Assumption 2. There are so many firms in the industry that each one . . . has no power whatsoever to affect the price of the product
The second first assumption is intended to guarantee that neither individual buyers nor individual sellers can have undue power within any market. This is because, with so many sellers, it would be impossible to operate an effective cartel, since the cost of finding information from so many sources would preclude such an arrangement. Again, because there are so many sellers, none can individually influence the price of the good s/he is selling. Large buyers might also come to have too much power in a market, so the assumption applies also to the demand side of the market.
Is this a realistic view of how modern markets operate? In reality, it flies in the face of the consolidation that has typified capitalism at least since it was critiqued by Marx (what a fantastic beard!). Perhaps in this Information Age we should be most concerned about the heavy consolidation in the world of media, as demonstrated by the merger of AOL and Time-Warner, two of the largest global media corporations, in 2001. Since the merger the group has gone from strength to strength, now out-competing other providers of high-speed internet connections and seeing profits increase by 76% in the last quarter of 2004.
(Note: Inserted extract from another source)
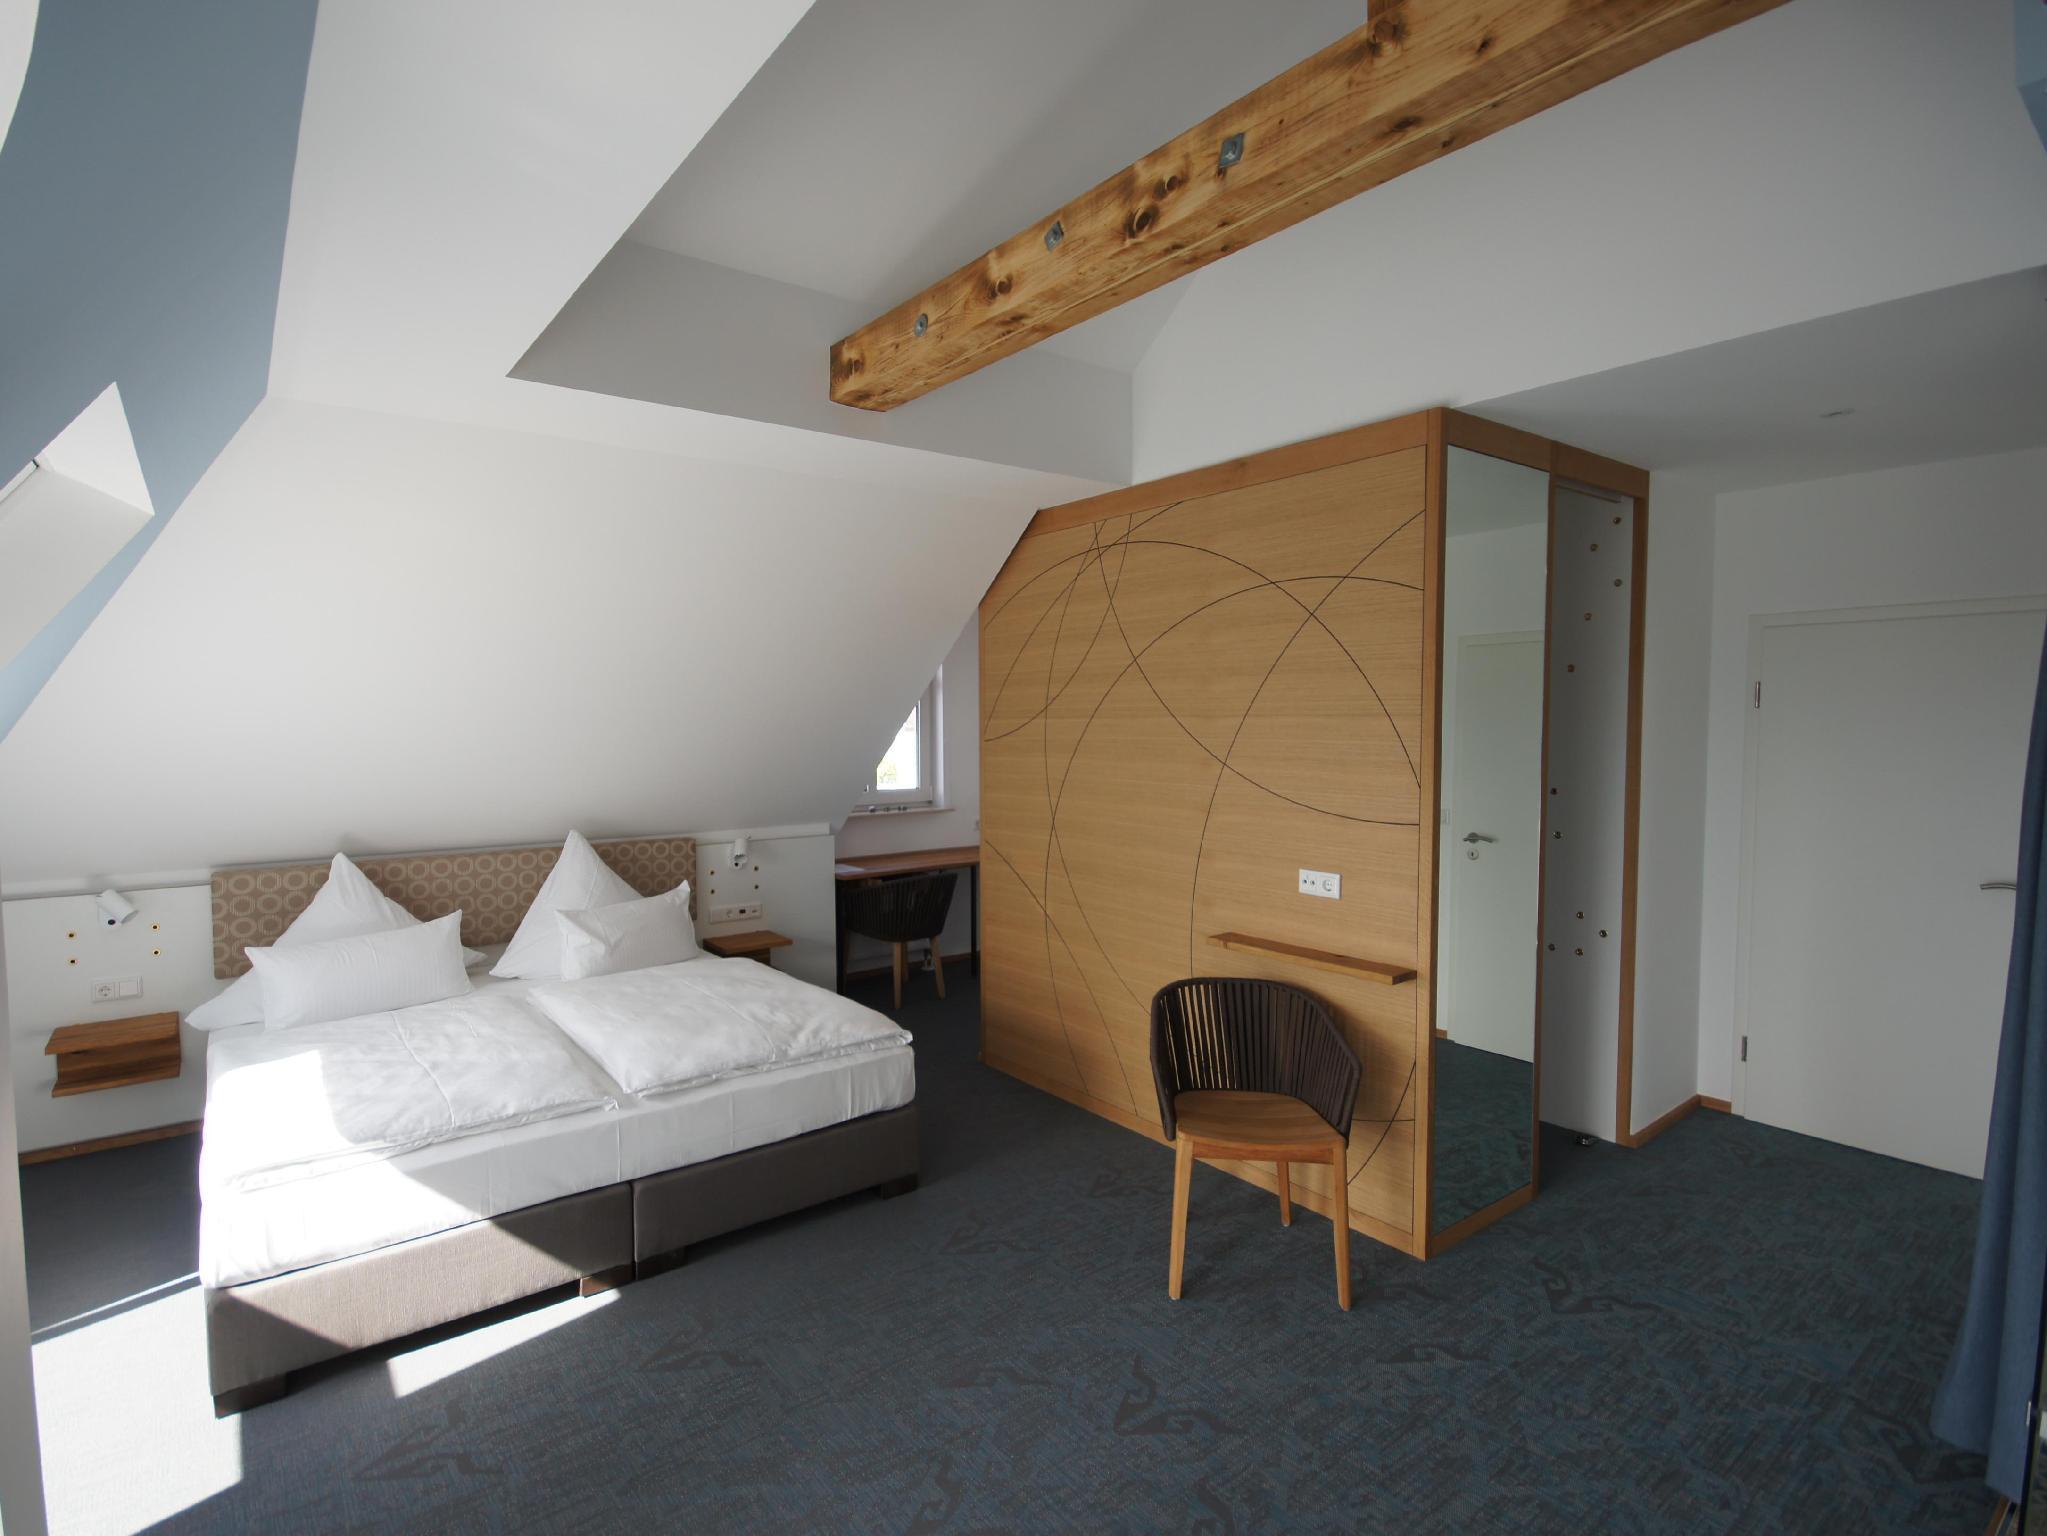 Hotel Restaurant Cafe Schoene Aussicht In Frankfurt Am Main Room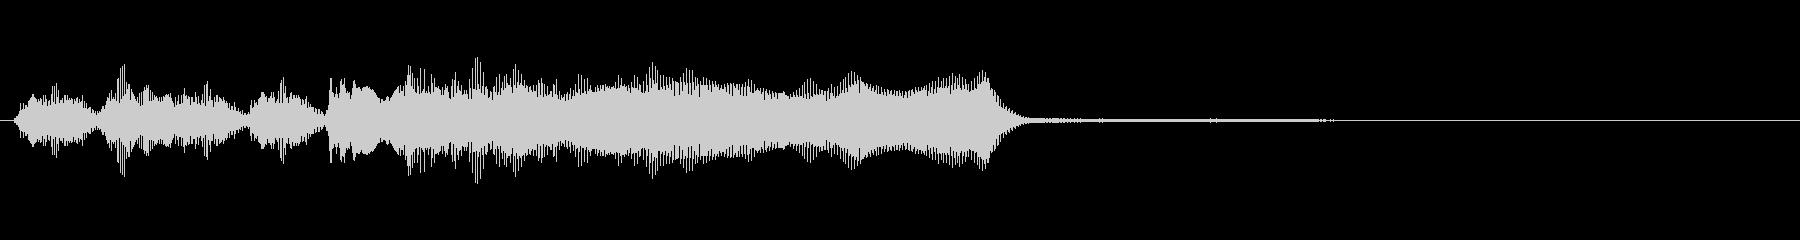 玩具系ファンファーレ-02の未再生の波形

Let us carry out that manoeuvre so detested by economists and test out this assumption against the reality of the market for food in the UK at the beginning of the 21st century. The reality is that the market is dominated by a small number of very powerful players—the supermarkets. As middlemen, standing between producers and consumers, they both buy and sell food, and ensure that what economic theory might consider the ‘buyers’ and ‘sellers’ have to meet their in needs in terms not only of price, but also in terms of quality. According to Corporate Watch research, in 2000 the major supermarket chains controlled 88 per cent of the UK food market, a concentration of retail power far greater than in continental EU countries or the USA. Later that year analysts predicted that the number of major players would be down from the existing five—Tesco, Sainsburys, Safeway, Asda, and Somerfield—to just two.
So much for competition: without a large number of potential entrants to the market, what mechanism does the market offer to constrain their behaviour? This assumption relies on a separate sub-theory focused around the concept of ‘barriers to entry’. In order to ensure that there are plenty of buyers and sellers in the market, there must be nothing to stop the potential market players from entering the market, no ‘barriers’. Competition only works when there are large numbers of suppliers who cannot unduly influence our purchasing decisions or preventing other producers from entering the market and improving on their offer to us as consumers.
This view may have made sense why you consider the 18th-century market that Adam Smith visited, where he might have bought meat, potatoes and shoes, but it has little relevance in a complex, modern economy where purchasing decisions are based on advertising and goods do not reach the market without many years of development and massive R&D investment. Or to a market where a new item cannot reach the consumer's attention without massive investment in branding and advertising.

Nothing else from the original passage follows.